Scott McNulty | Oct. 7, 2013
The new Kindle Paperwhite is like the old one, but with a better backlight and upgraded software.

Kindle Paperwhite

Last year the Kindle Paperwhite finally gave ebook readers what they'd been asking Amazon about for years: A Kindle that could be read in the dark without clipping on a book light. It was a good product, but early adopters complained that the screen lighting was a bit uneven. With the 2013 model, Amazon has fixed that problem, improved the lighting, and thrown in a bunch of nifty software updates.

Warmer and whiter
The new Kindle Paperwhite ($119, plus an additional $20 to remove Amazon's "special offers" advertising) is a dead ringer for last year's model. They share the exact same dimensions, design, and nearly identical weights. (The new Paperwhite is a whopping two ounces lighter; my limited powers of perception don't allow me to notice any difference.) In fact, the only obvious external difference is the branding. The familiar Kindle logo on the back of the e-reader has been replace with Amazon's.

Never mind the debossing. You'll be spending most of your time looking at the touchscreen of the Paperwhite. The screen's pixel density remains the same 221 ppi, which is higher than previous-generation E Ink kindles but not quite high-resolution enough to banish all jagginess from text. The old model offers good contrast, but this new model's whites are even whiter and blacks even blacker. This increased contrast makes text and images appear much crisper—and the older version was no slouch in this respect.

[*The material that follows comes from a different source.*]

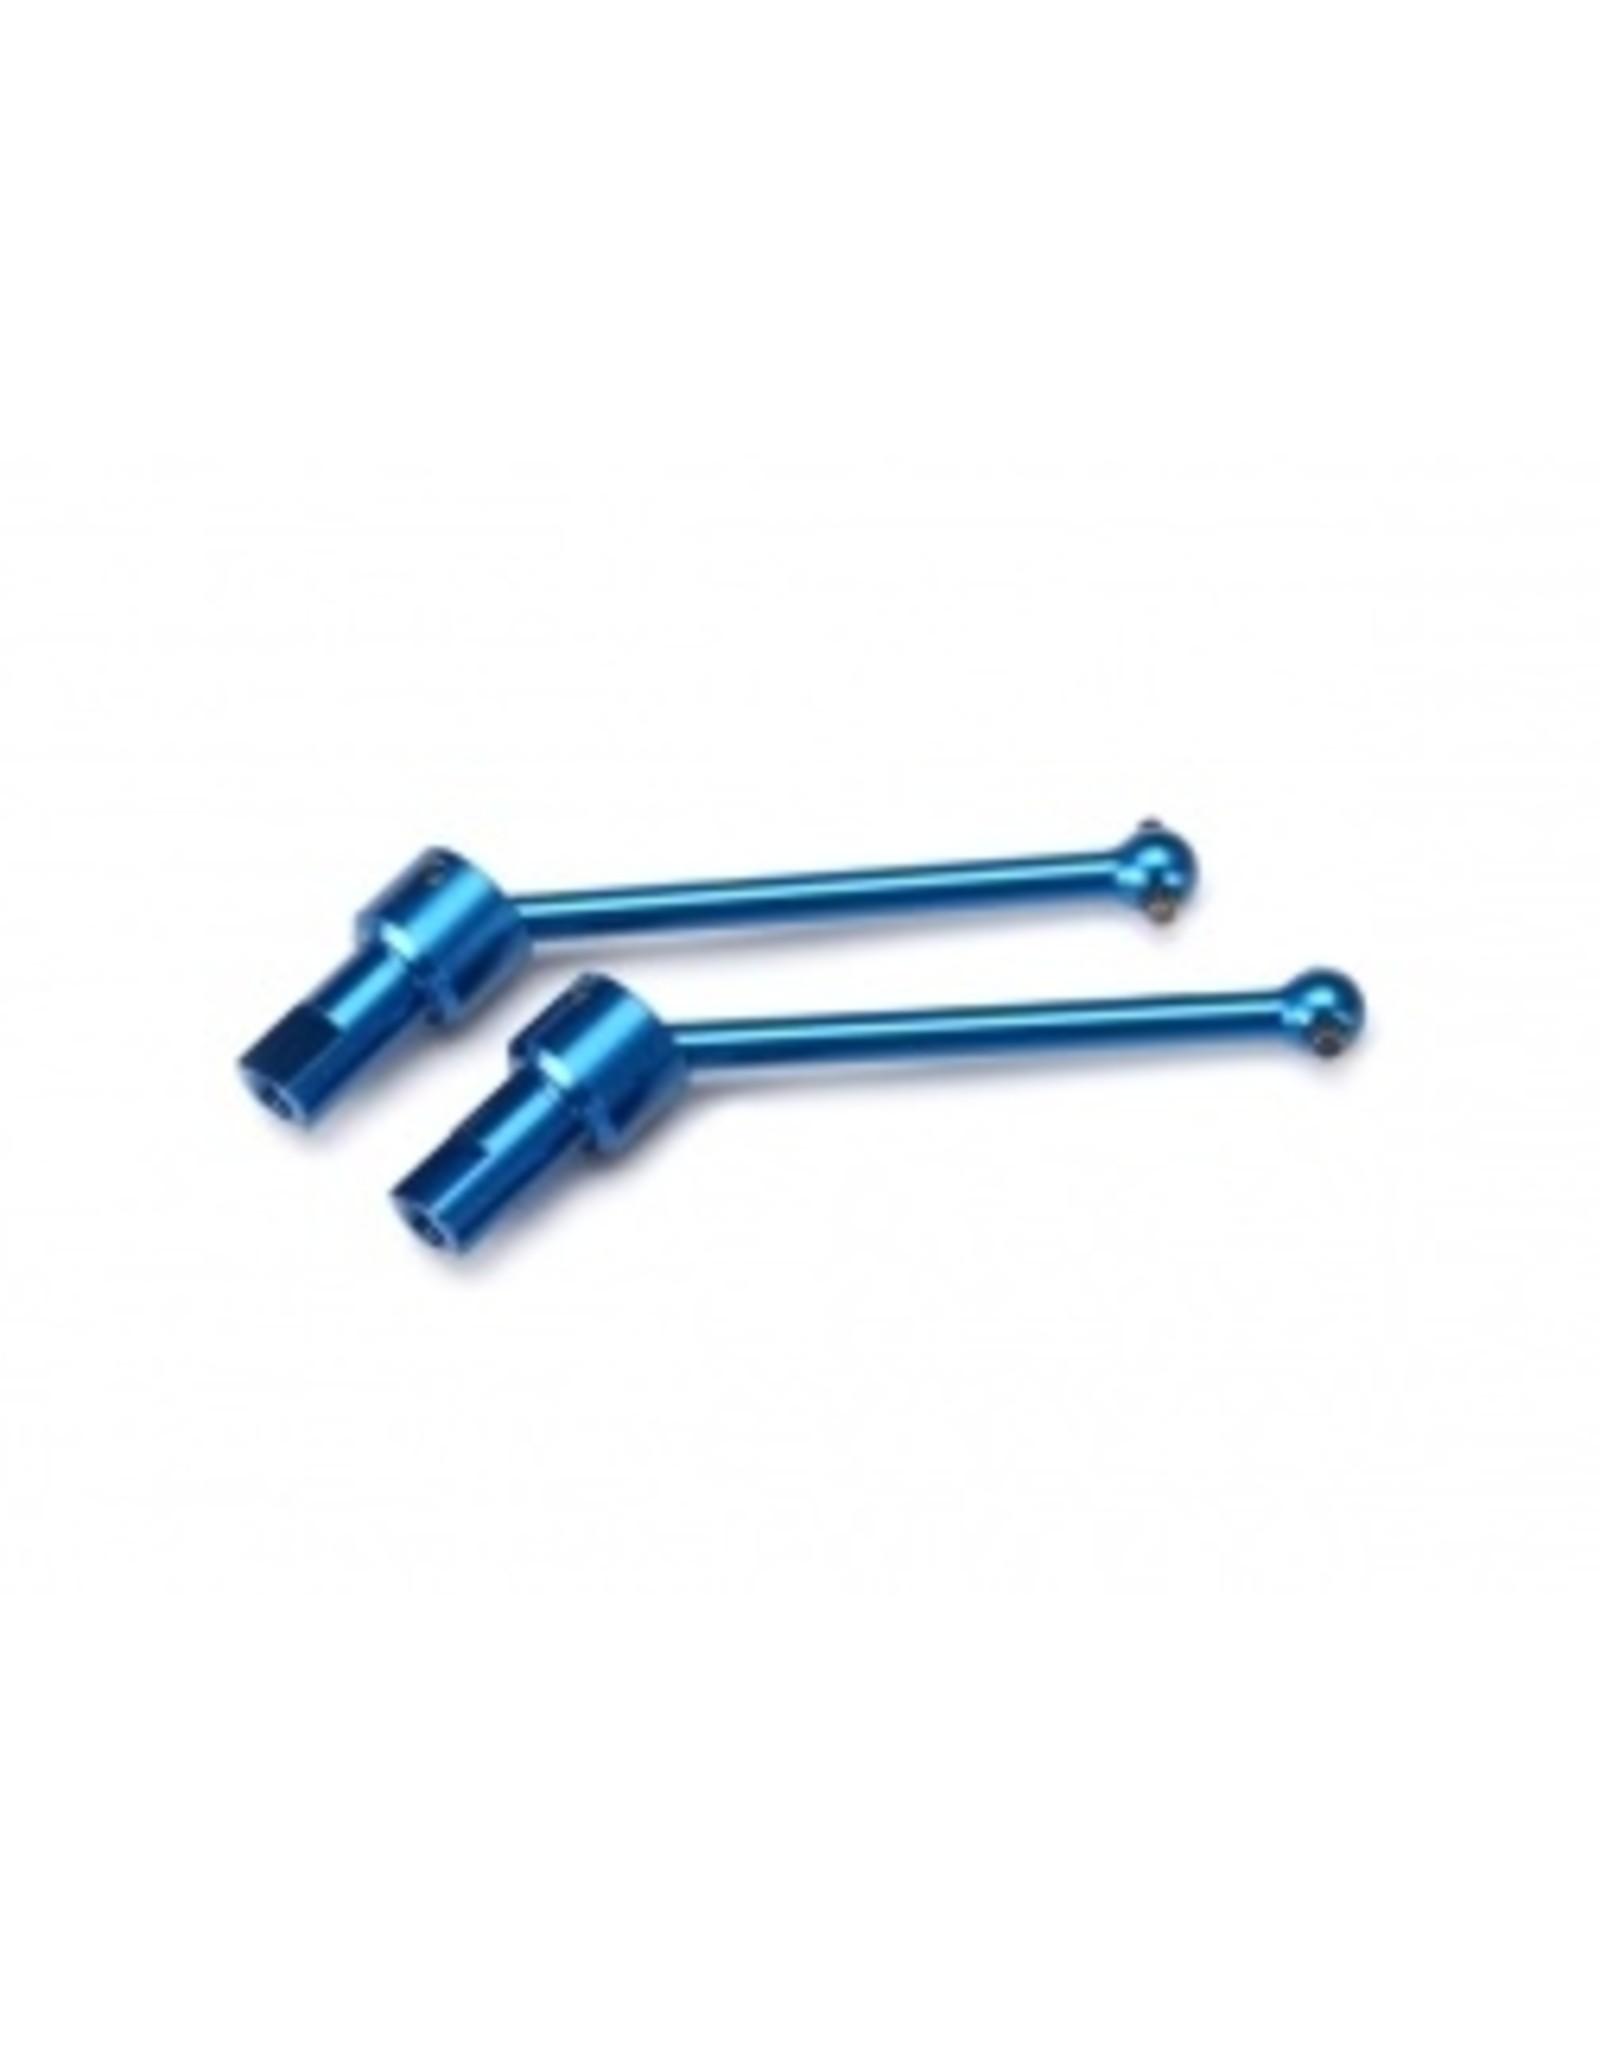 Traxxas Driveshaft assembly, front & rear, aluminum (blue) (2) (Teton/Pre) (7650R)

Like the original model, this Paperwhite illuminates itself by channeling light through a clever set of "light guides" that allow tiny lights peeking in from the side of the screen to illuminate the entire reading area. It's clever technology that really works, but in the first-generation Paperwhite some people complained of a banded or mottled interference pattern—basically, inconsistent lighting—at the bottom of the screen.

This new Paperwhite's screen addresses this fault. It's evenly illuminated, with no banding at all. The light itself is also much warmer than the previous version's cooler blueish hue. This warmer color, coupled with the increased contrast, creates a reading experience that's a much closer match to the printed page.

Amazon claims the Paperwhite is 25 percent faster than the previous version, and it is indeed speedier. Pages turn quickly and books open in a snap. Screen refreshes (when the screen flashes black for a second in order to wipe and redraw the E Ink screen) happen less frequently, thanks to a new software trick that only refreshes the screen when the Kindle thinks it's required. (The old model would refresh every six pages, whether it needed to or not.) You can, however, optionally set the screen to refresh after every page turn if you can't stand the slight ghosting that can occur with fewer screen refreshes.